In October the Kern County Board of Supervisors will decide whether to regulate or ban the commercial cultivation, processing and distribution of cannabis in its jurisdiction.

On Tuesday it reviewed the environmental document that will guide the debate sure to rage between now and then.

A large crowd of marijuana advocates, and a couple concerned community members opposed to anything but a ban, spoke passionately about the best route the county could take.

That debate will continue through a Kern County Planning Commission meeting next month and a final supervisors meeting in October.


Kern County Planning and Natural Resources Director Lorelei Oviatt said that environmental impact report on the business of marijuana is the first of its kind by a city or county in California.

A ban would shut down the current mishmash of county rules and implement the tightest restrictions possible under state law.

Oviatt said that the 22 medical marijuana dispensaries that are currently legal under county ordinances would be allowed to phase out operations over one year.

All other businesses are illegal under an existing moratorium and would have to close immediately if a ban were implemented, she said.

And the county would make it stick.

“In the past we have had a complaint-driven enforcement,” Oviatt said.

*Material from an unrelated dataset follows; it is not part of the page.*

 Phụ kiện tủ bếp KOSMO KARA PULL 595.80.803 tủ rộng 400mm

Under the ban, the county would create a proactive enforcement effort aimed at closing the stores, she said.


Regulation is the other option for Kern County, Oviatt told the board.

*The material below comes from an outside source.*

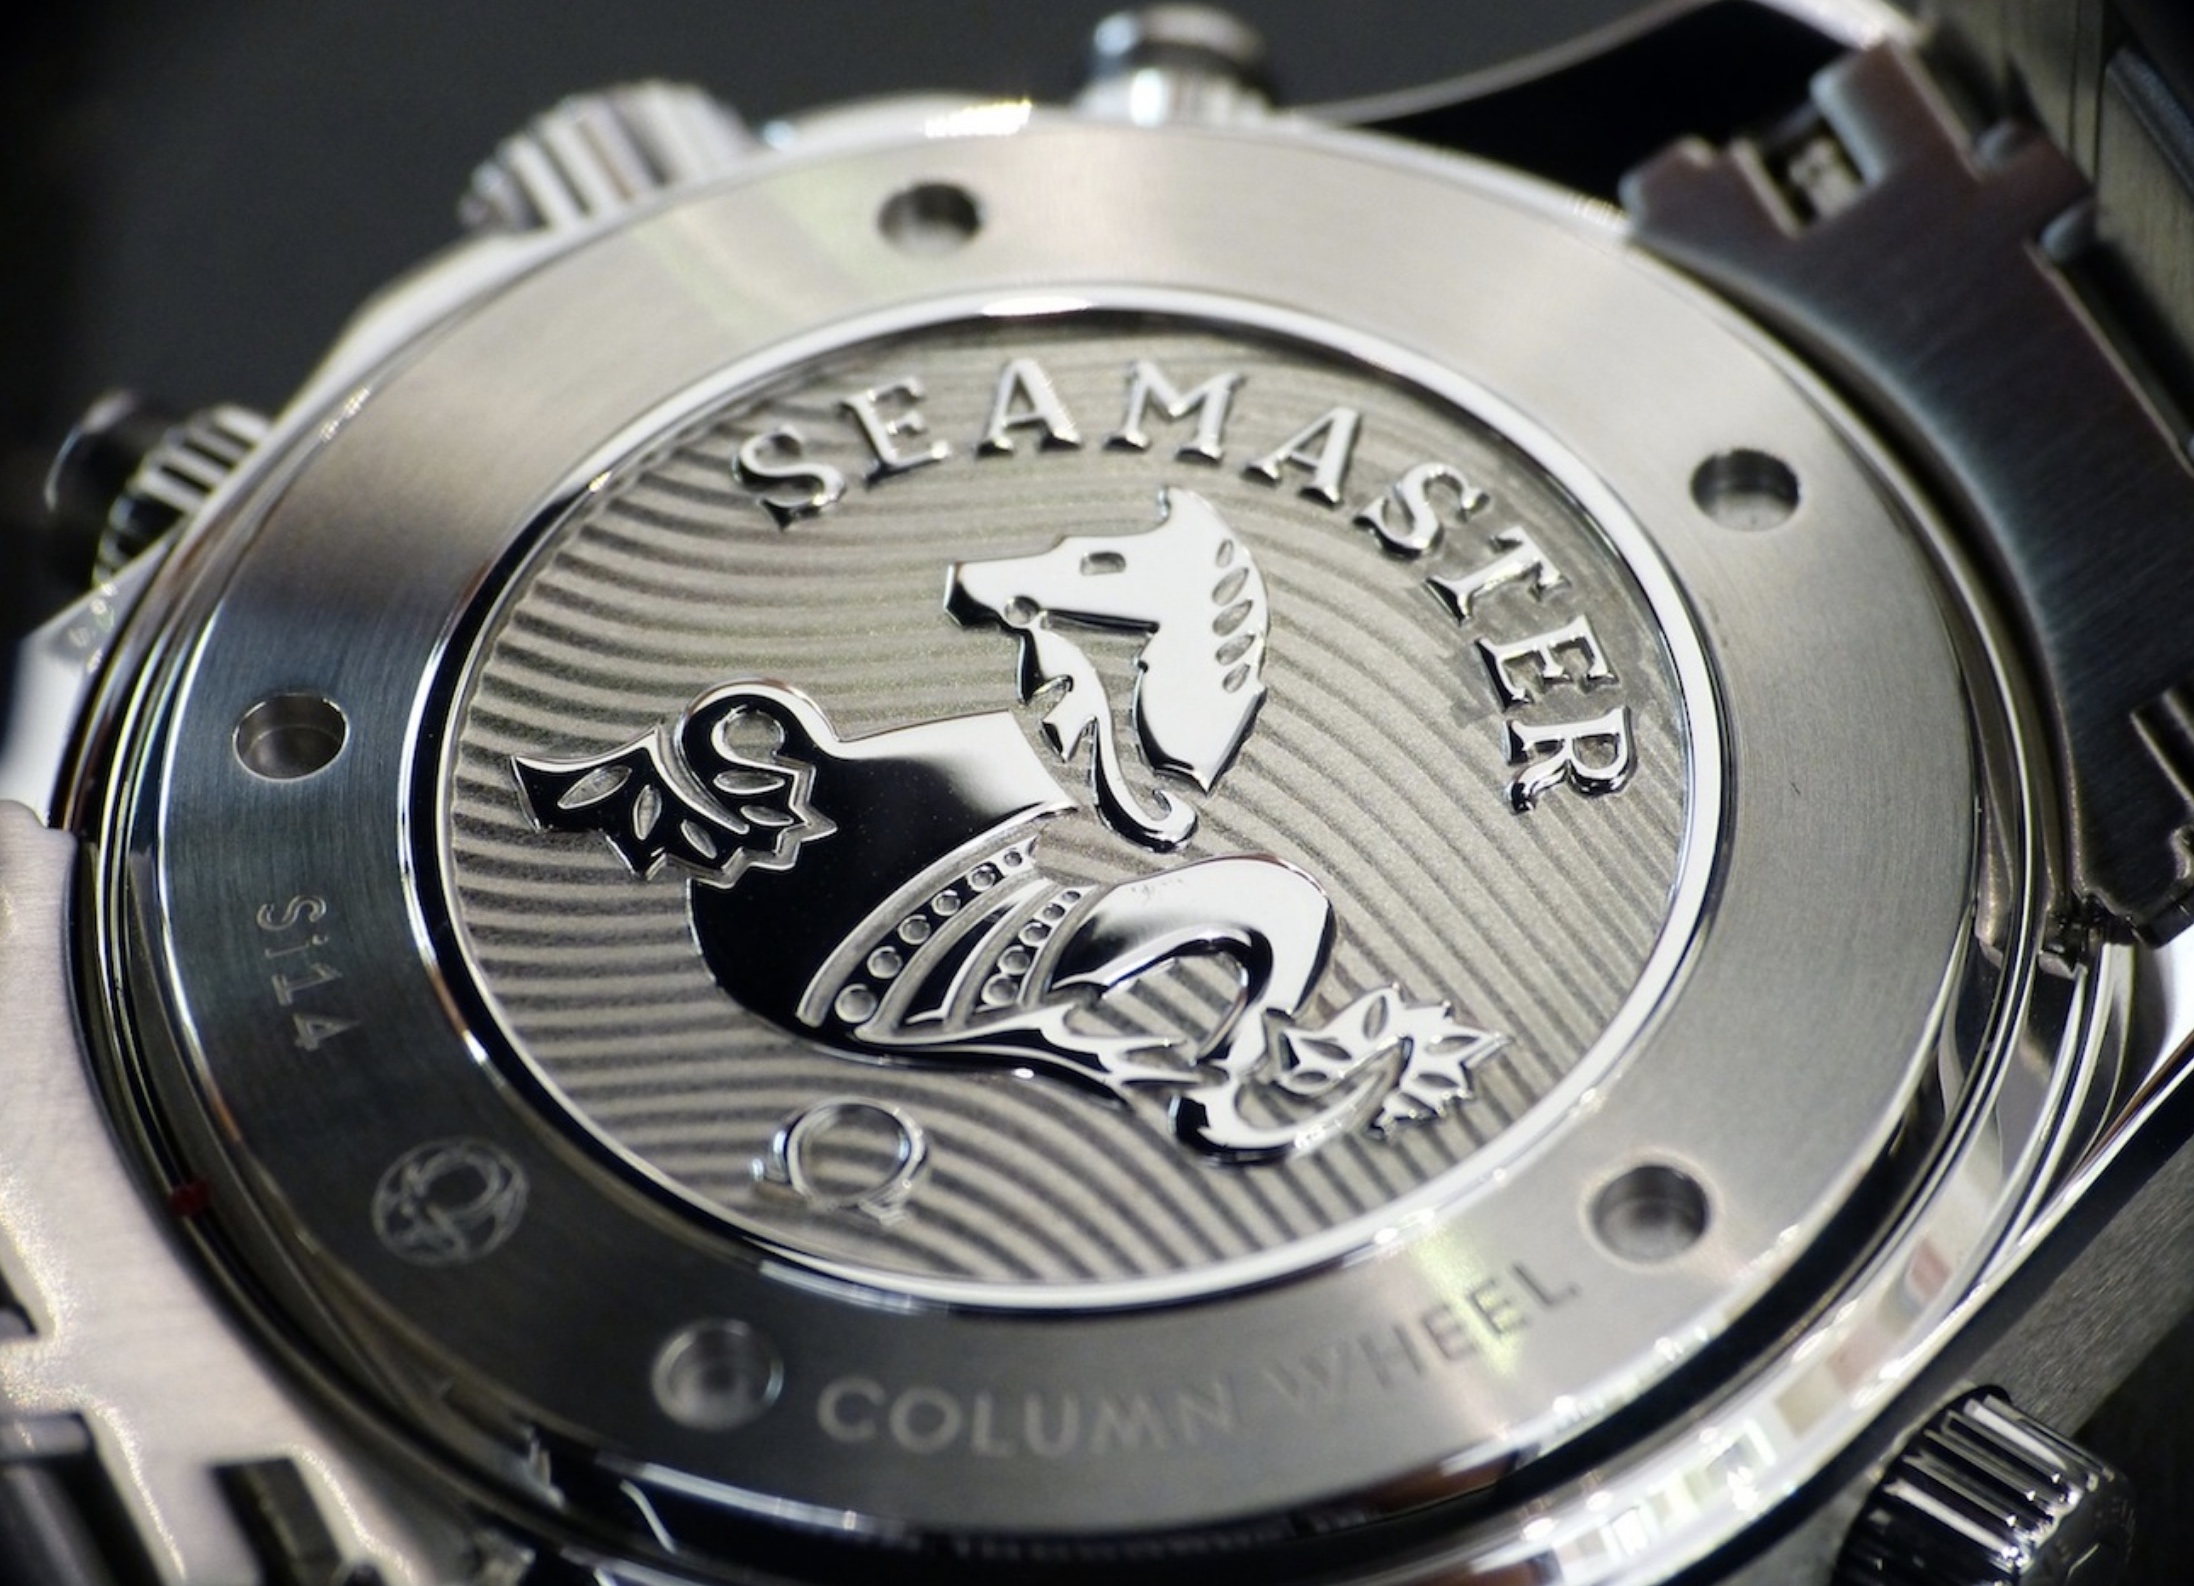 Seamaster Diver 300m Co-Axial Chronograph 44mm. Här hittar du ett stort antal exklusiva klockor och lyxklockor.

Businesses would be kept one-half mile from sensitive uses like schools, daycares and other similar locations.

Rules would limit indoor cultivation to 2 million square feet countywide and the space for processing of the plant into oils, tinctures, edibles and other products to 500,000 square feet.

Outdoor cultivation would be limited to 150 acres total.

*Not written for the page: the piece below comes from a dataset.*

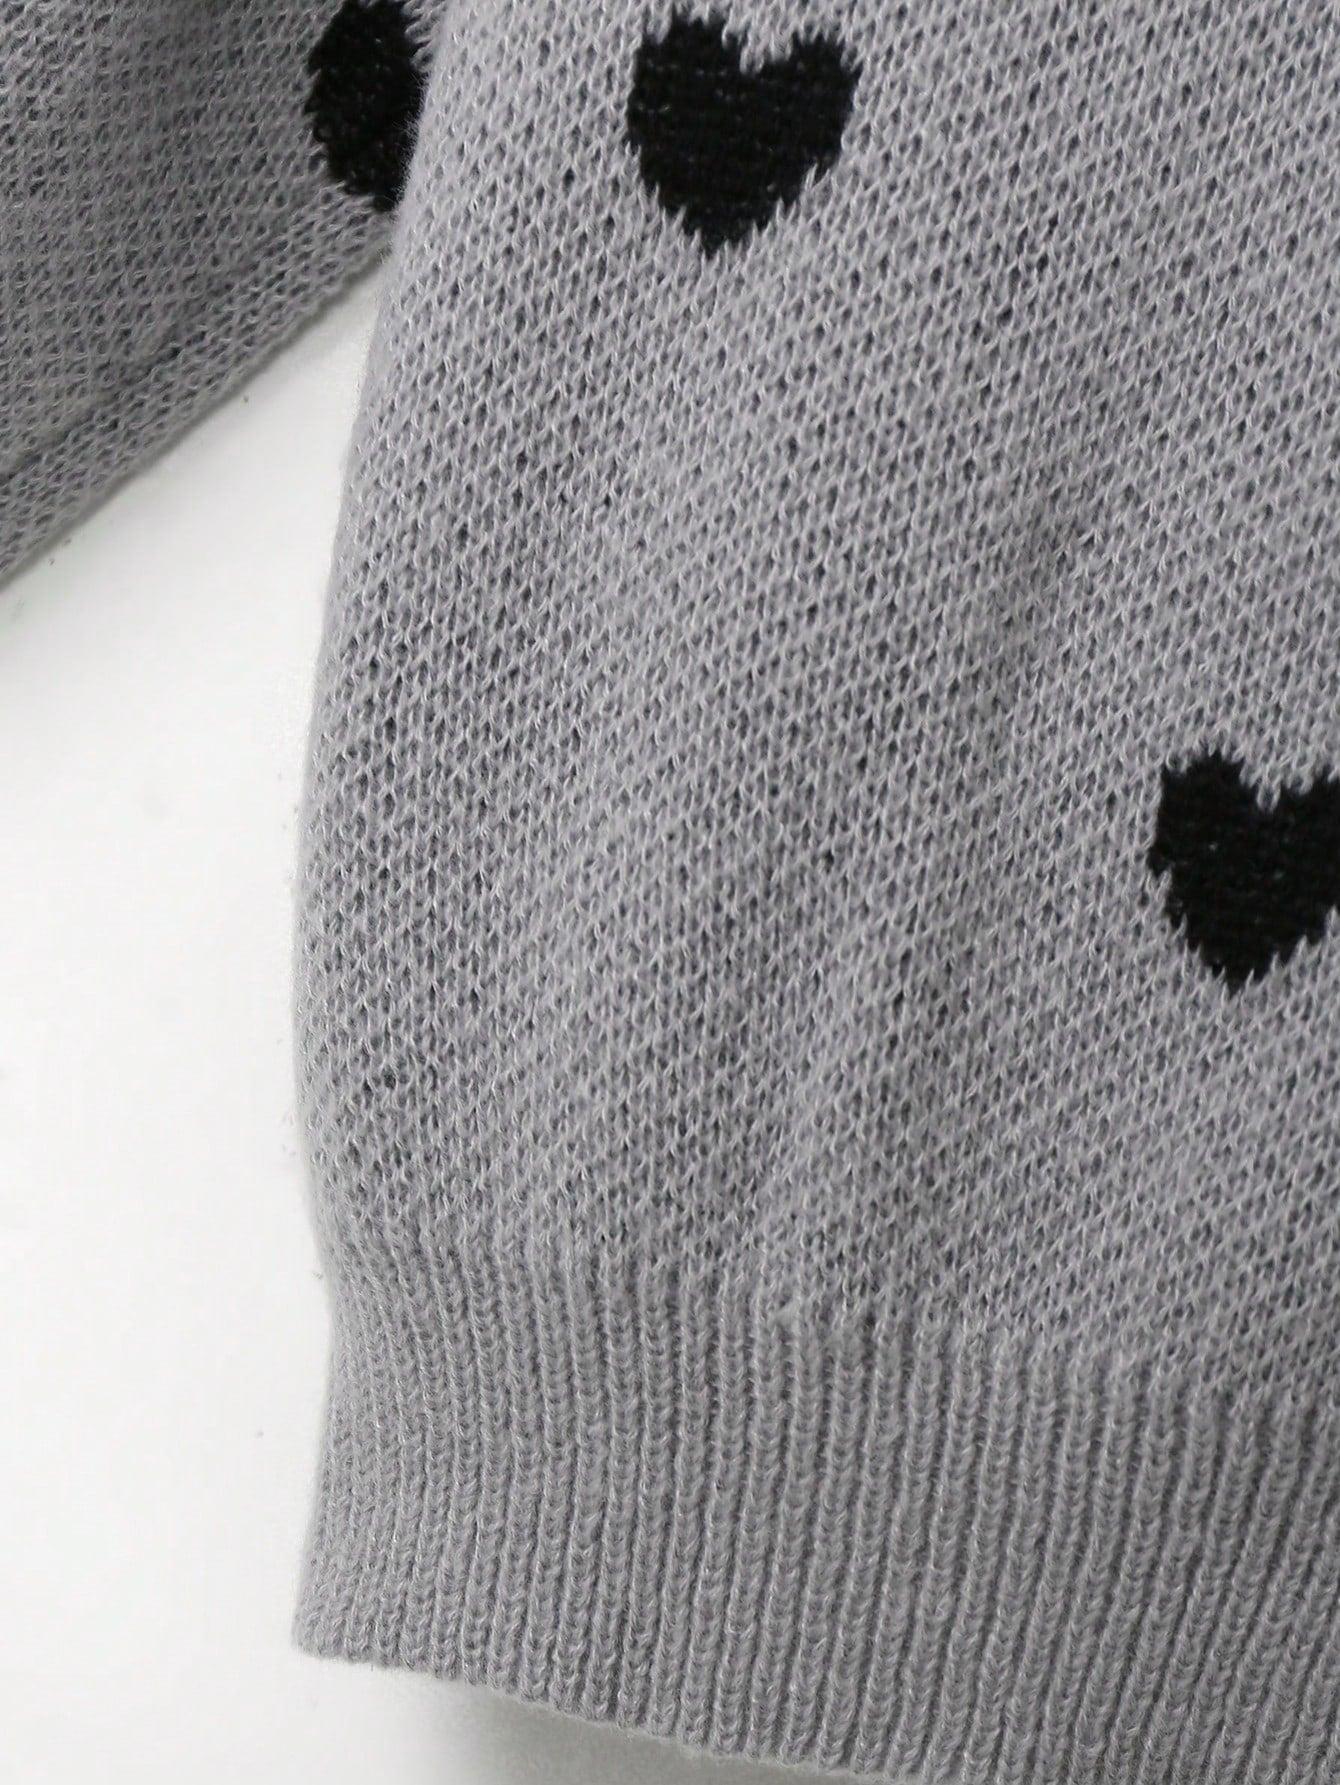 szary sweter stójka wzór serca

All products produced would be tested for pesticides and other contaminants then tracked through five testing businesses allowed in Kern County under the ordinance.

A maximum of 20 businesses would distribute finished products to the 40 shops allowed to sell cannabis in Kern County, Oviatt said.

Dispensaries, she said, would need to go through a public process to receive approval to operate and the public, their neighbors and any other concerned citizens would have a chance to come and discuss the proposed shop.

Fees on cannabis operations would fund county enforcement of the ordinance and provide grants to community organizations combating drug addiction, homelessness, mental health and other community problems that have links to marijuana, Oviatt said.

Allowing the businesses to come in would create 8,750 new jobs in Kern County with wages of between $15 and $22 an hour, she said.


Attorney Gabriel Godinez urged the county to reconsider the one-half mile limitation on the placement of businesses in a regulatory scheme. The boundary should be closer to 1,500 feet, he said.

“We don’t want to get into the issue we had with Measure G,” he said.

That voter-approved measure was so restrictive on dispensary locations that it triggered a legal challenge that invalidated the rule and forced the county to do the environmental report that came before the board Tuesday.

He also asked the county how much it had spent on litigation trying to defend the county’s efforts to restrict or ban medical marijuana.

Resident T. J. Esposito urged supervisors to allow and regulate marijuana.

“An industry that is well-regulated requires minimal government intervention,” he said.

Good regulations, he argued, would make the community safer and be so fruitful to the county that it would need an extra room “just to count all the money.”

Resident Jordan Jarvis said public safety is first.

If Kern chooses a ban, he argued, it would be handing over control of the marijuana cultivation and supply chain to gangs and the mob.